XHPNK-FM is a radio station on 103.5 FM in Los Mochis, Sinaloa. It is owned by Grupo Radio Centro and is known as Radio Variedades with a romantic format.

History
XEPNK-AM 880 received its concession on November 19, 1980. The 5,000-watt daytimer was owned by Felipe García de León. In the mid-1980s, García de León traded XEPNK to Grupo OIR in exchange for XEOS and XEHX radio in Ciudad Obregón, Sonora. The concession transferred to Radio y Televisión de Sinaloa in 1993, around which time XEPNK boosted its power to 10,000 watts day and 2,000 night.

In 2011, XEPNK moved to FM as XHPNK-FM 103.5.

In 2016, after Grupo Radio México transferred operational control of the station to Radiorama, XHPNK changed names from La Rancherita to Romántica as part of a frequency shuffle of formats at the cluster.
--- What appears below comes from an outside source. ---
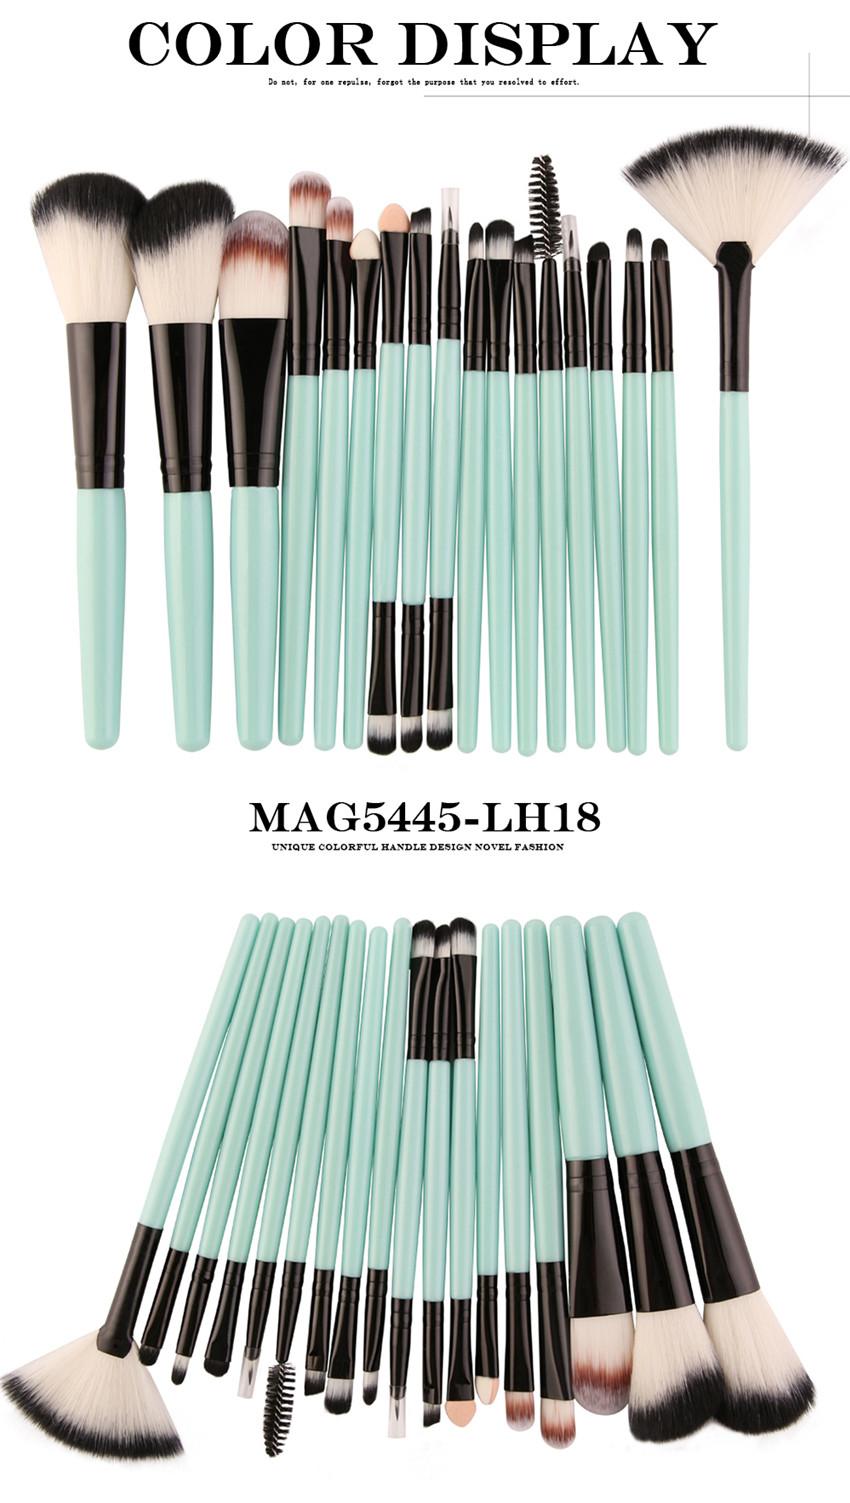 18Pcs/lot Brand Brushes Makeup Brush Set maquiagem Cosmetics Power Foundation Blush Eye Shadow Blending Fan Make Up Kits Beauty 11

GRC, GRM's successor, resumed operating the stations in February 2019, with XHPNK becoming Radio Variedades, the former name of XHCW-FM 96.5.

On March 10, 2021, the Federal Telecommunications Institute denied an application for the renewal of XHPNK-FM's concession for failure to pay the final installment of its fee to move to FM.